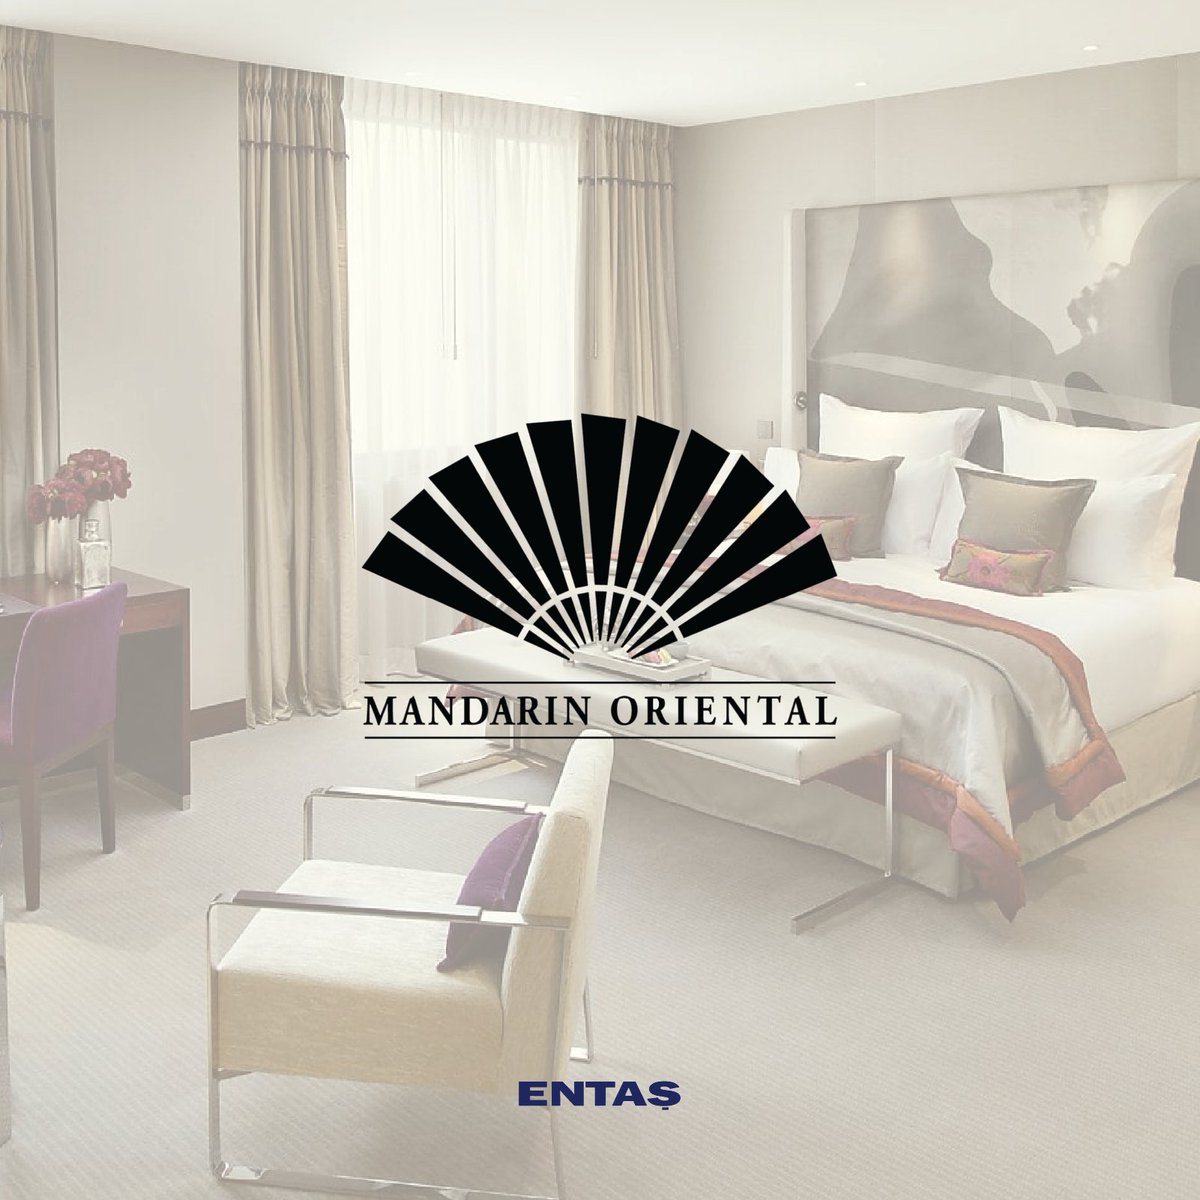 Mandarin Oriental Paris will enchant you with its prestigious central location in the city and its elegant French aesthetics.
#MandarinOrientalParis
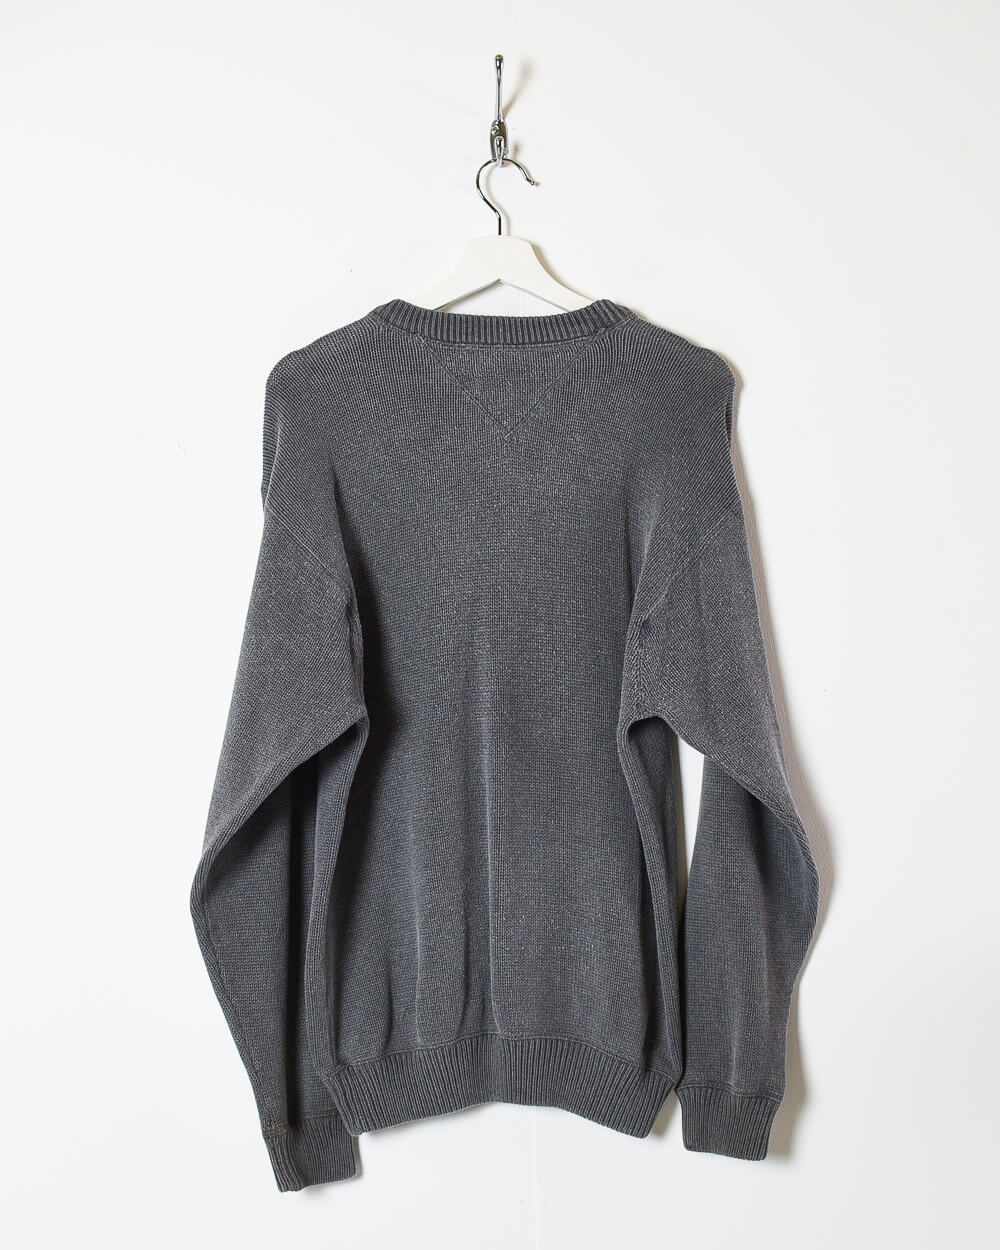 Stone Tommy Hilfiger Knitted Sweatshirt - Medium
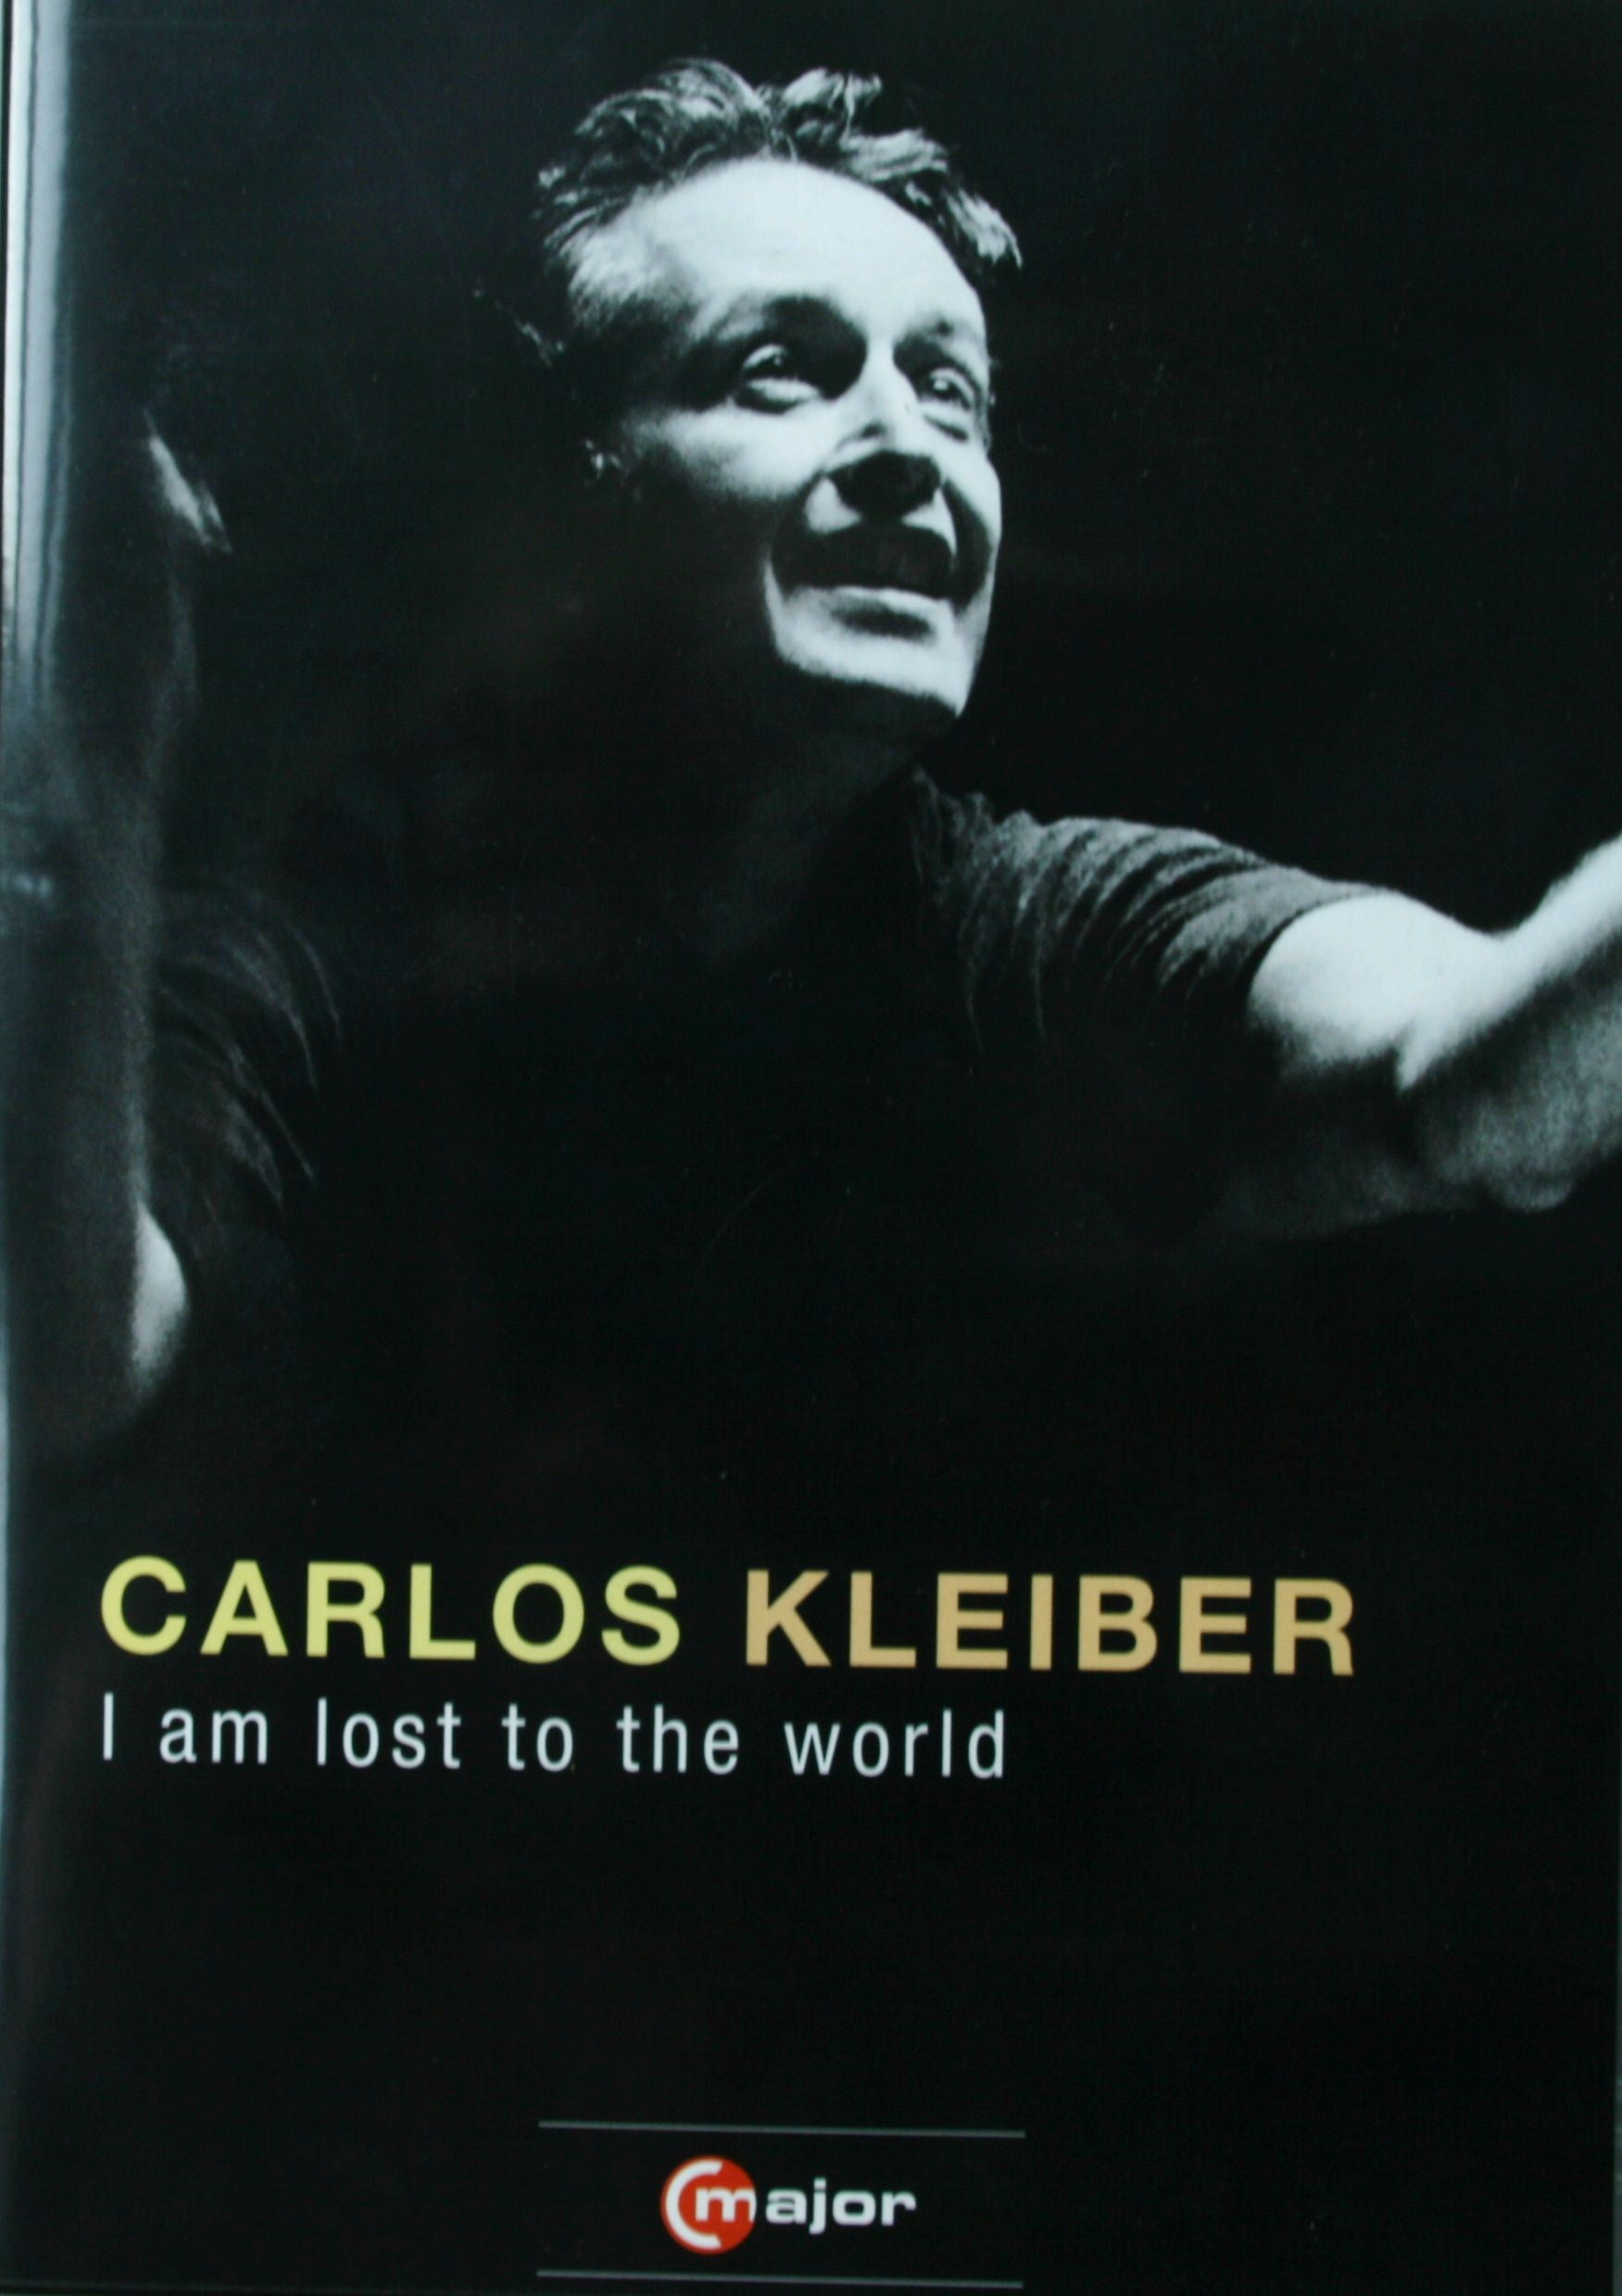 Kleiber DVD.JPG
- - - - - - -
Instructions to follow: Restate the data word for word and exclude every picture.

Exercise answer:
 Mandarin Oriental Paris will enchant you with its prestigious central location in the city and its elegant French aesthetics.
#MandarinOrientalParis
 Stone Tommy Hilfiger Knitted Sweatshirt - Medium
 Kleiber DVD.JPG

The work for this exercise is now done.